A rough decision rubric for your kind of work:
The first wave of single-cell foundation models — Geneformer, scGPT, scBERT, scFoundation — were exclusively transcriptomic. The second wave is bringing in epigenetic modalities, because gene expression alone is a lagging indicator of cell state.
RNA tells you what a cell is doing right now. Chromatin accessibility and methylation tell you what it can do — which programs are licensed, which are silenced, which are poised. For questions about plasticity, lineage commitment, or transdifferentiation, the epigenetic state is the more informative variable. A cell can be transcriptionally quiescent and chromatin-primed for switching; that's invisible to scRNA-seq.
The first foundation model purpose-built for scATAC-seq, with a peak-to-gene cross-modality pre-training objective that addresses the inherent sparsity of chromatin accessibility data. Used for cell-type annotation, batch correction, and gene-expression prediction directly from accessibility. State-of-the-art on multiple benchmarks at release.
Models pseudobulk scATAC signals with explicit transcription-factor information to predict cell-type-specific regulation. Trades single-cell resolution for stronger regulatory inference; useful when your question is about programs rather than individual cells.

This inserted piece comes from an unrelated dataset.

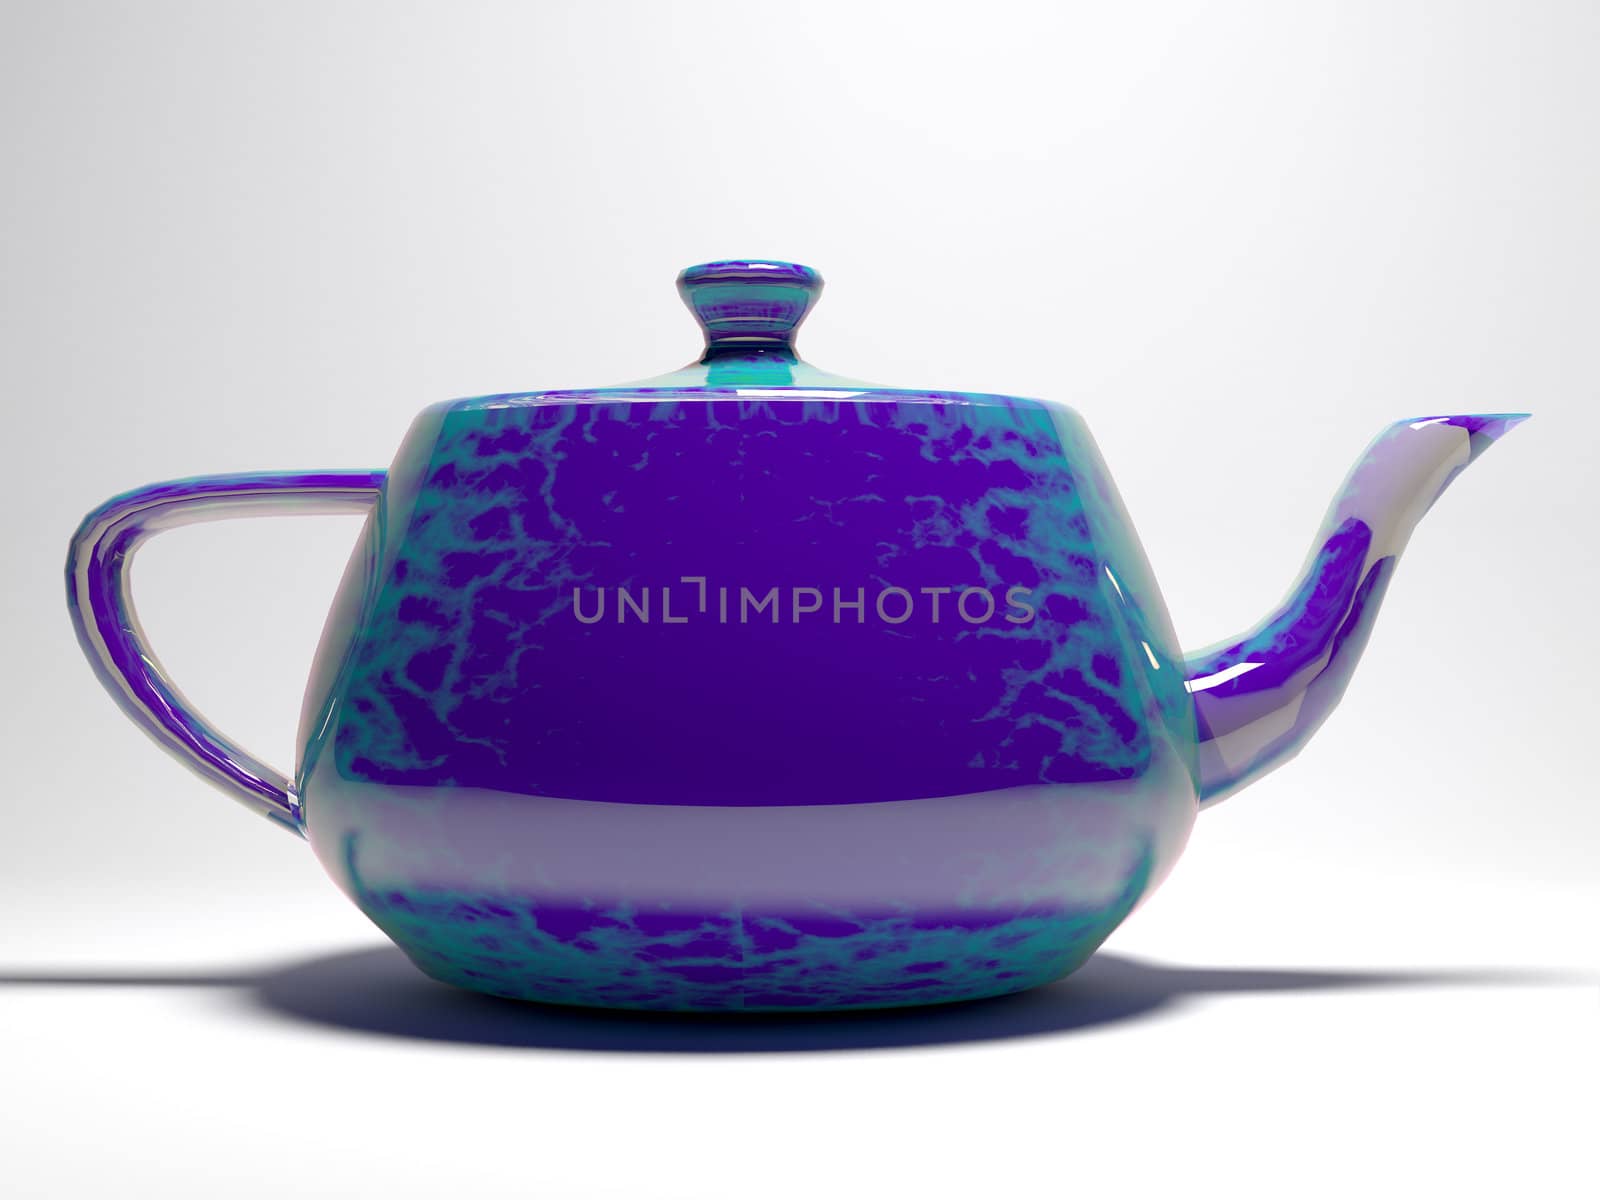 Teapot by andromeda13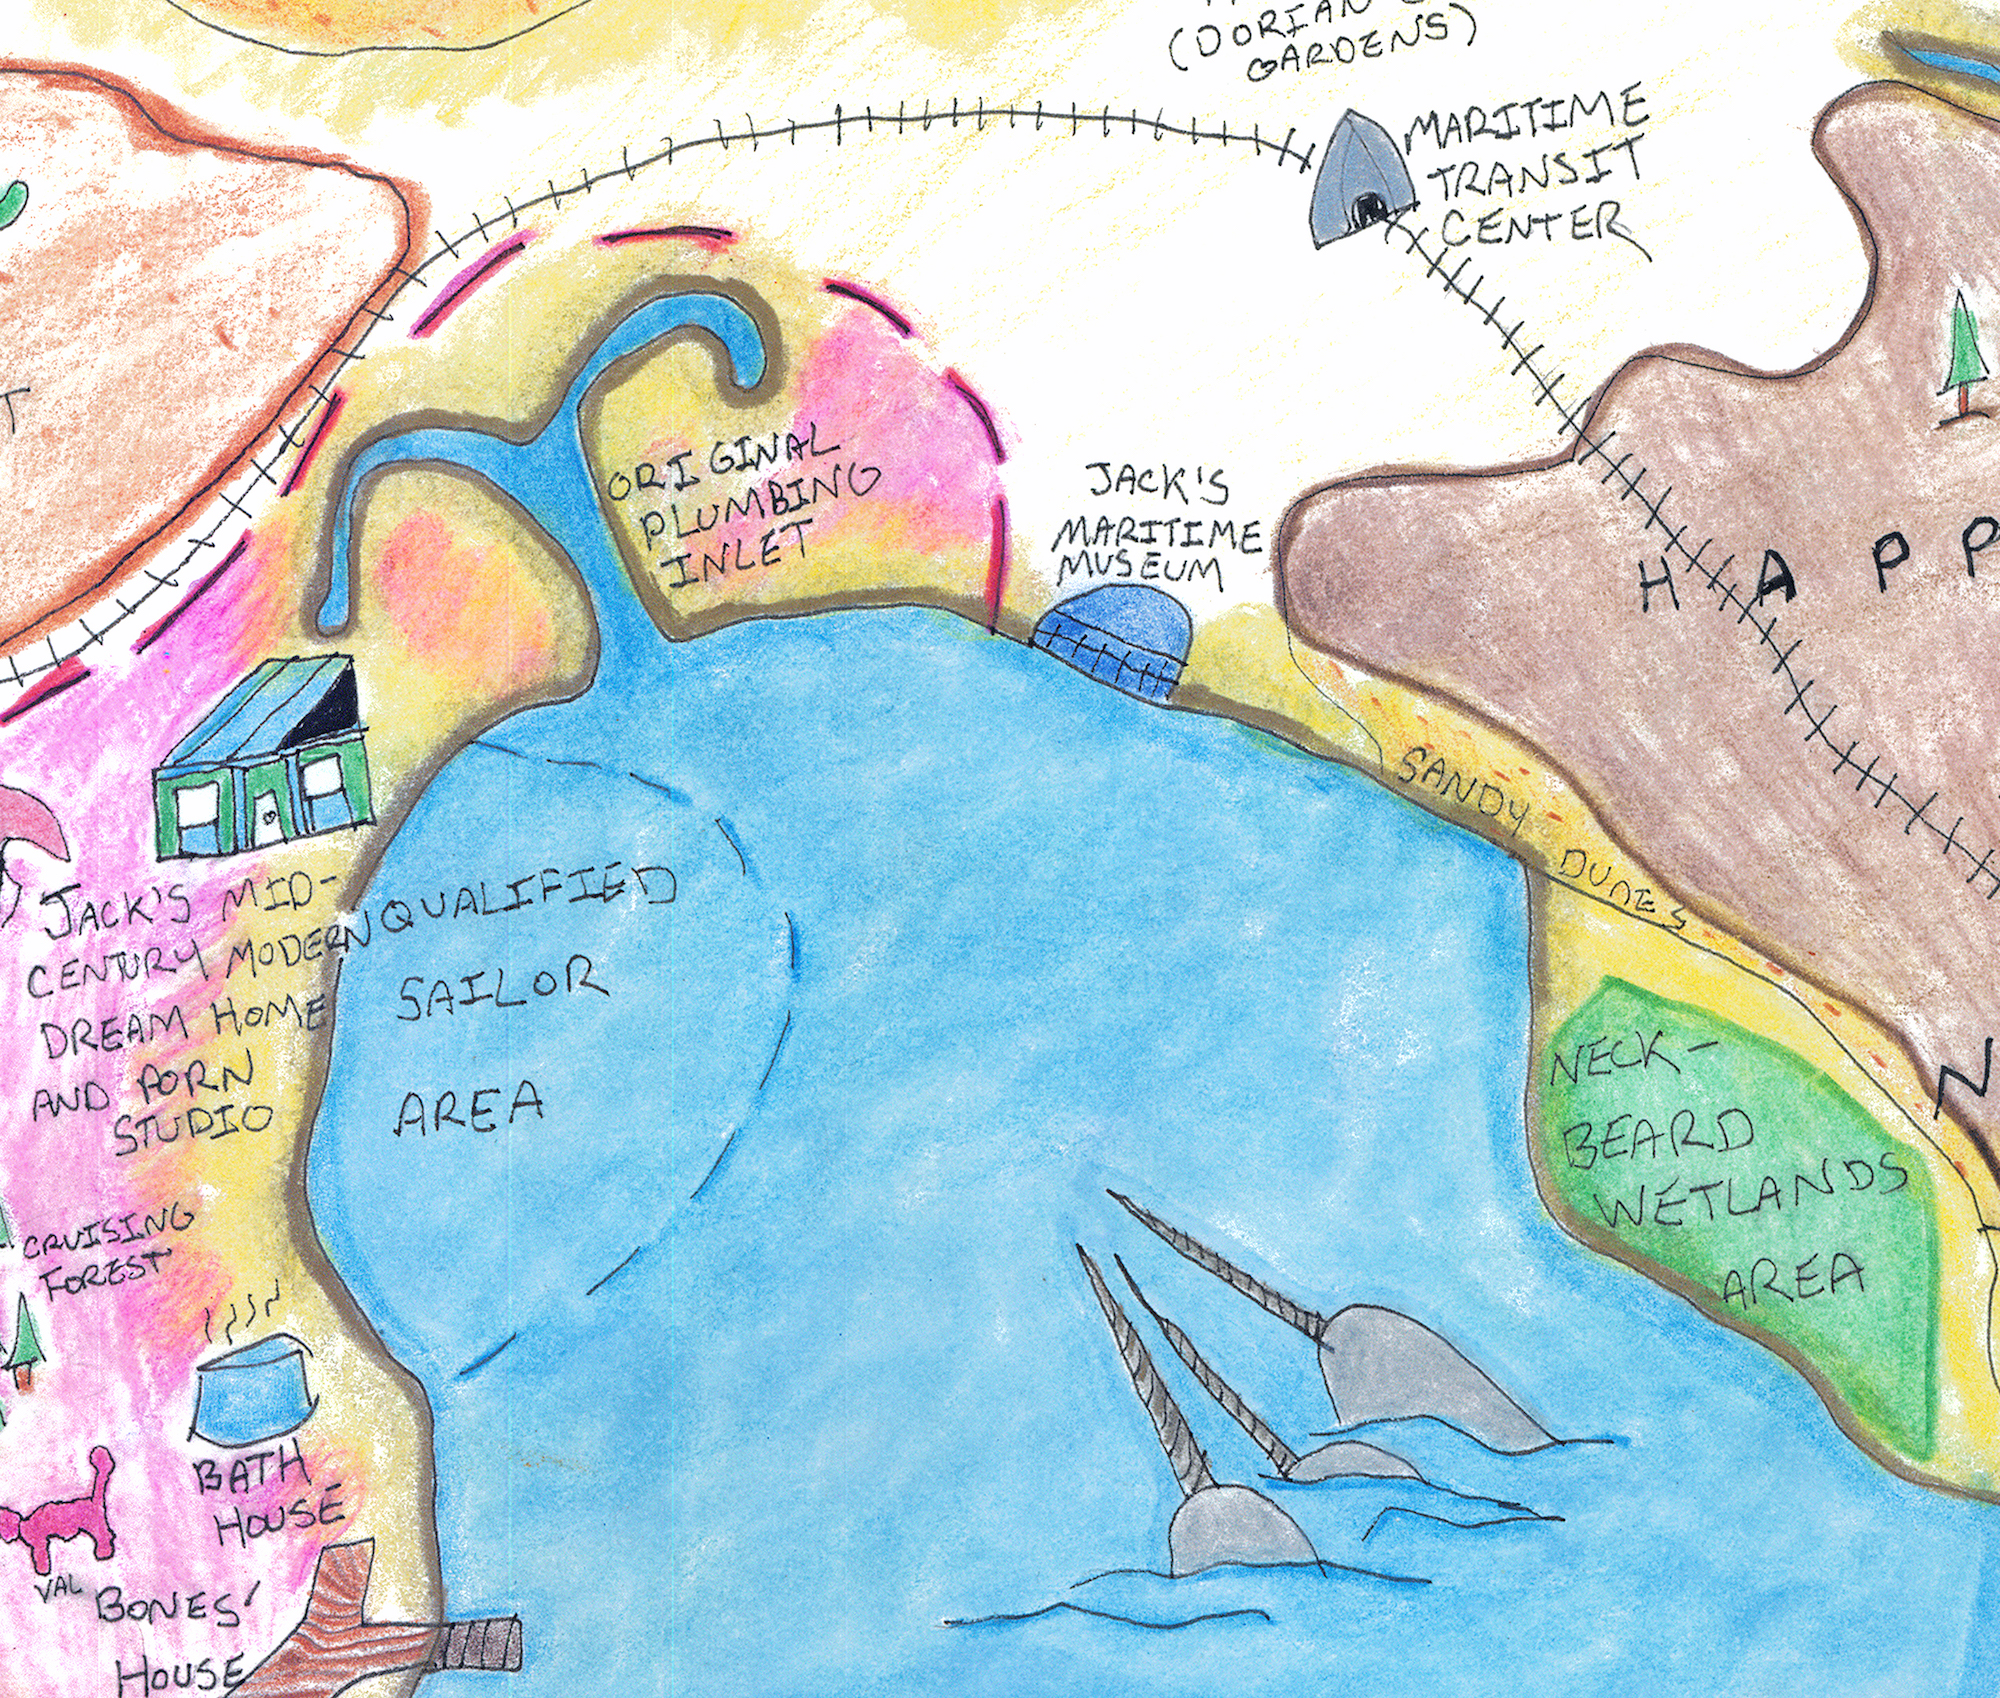 a detail of the hand-drawn map of Samsies Island; this shot details landmarks such as 'Neck-Beard Wetlands Area' and 'Jack's Mid-Century Modern Dream Home and Porn Studio'

Integrates bulk epigenetic data with paired scRNA + scATAC for downstream tasks: master-regulator identification, enhancer prediction, functional-variant scoring. Worth knowing as a paired-modality reference point.
For a researcher coming from molecular pathology with scRNA / scATAC / methylation data, the realistic 2026 workflow looks something like this: use a transcriptomic foundation model (scGPT / Geneformer) for cell-type annotation, embedding, and zero-shot transfer; pair it with an scATAC-specific model (EpiFoundation, GET) for accessibility-derived cell-state and regulatory inference; and run sequence-to-function models (Borzoi, AlphaGenome) on specific loci of interest for variant interpretation and in-silico perturbation. None of these replace each other.
Compressed into evening-and-weekend pace. The week numbers assume one substantive paper plus one practical exercise per week. Adjust to your reality.
Allis & Jenuwein Nat Rev Genet review on chromatin states. Build a one-page mental map of the marks in §IV. Exercise: pull a public ChIP-seq track for H3K27ac in a tissue you know well; eyeball it against gene expression.
Schübeler 2015 Nature review (still the cleanest synthesis); then Capper et al. 2018 on methylation-based CNS tumour classification. Exercise: download an Illumina EPIC dataset from TCGA and run a quick UMAP on β-values across two tumour types.
Read the SCENIC+ paper (Bravo González-Blas et al. Nat Methods 2023). Exercise: run SCENIC+ on a published paired scRNA + scATAC dataset; identify the core regulatory circuit of a lineage you care about.
Hanahan 2022 hallmarks update; one of the 2024–2025 plasticity reviews from §X. Exercise: take one of your own SRC subgroups (S1/S2/S3) and ask which chromatin program would distinguish them — sketch the experiment.
Read Enformer (2021), then Borzoi (Nat Genet 2025), then AlphaGenome (Nature 2026). Exercise: pick one non-coding variant from your data; score it through Borzoi (open weights) and AlphaGenome (API); compare predictions across modalities.
Read EpiFoundation; skim the recent Nature Methods review of scFMs. Exercise: load one of your own scRNA datasets into Geneformer or scGPT for zero-shot annotation, and compare to your existing labels.
Curated, not exhaustive. If you read only what is on this list and do the exercises in §IX, you will be fluent in the current literature within two months.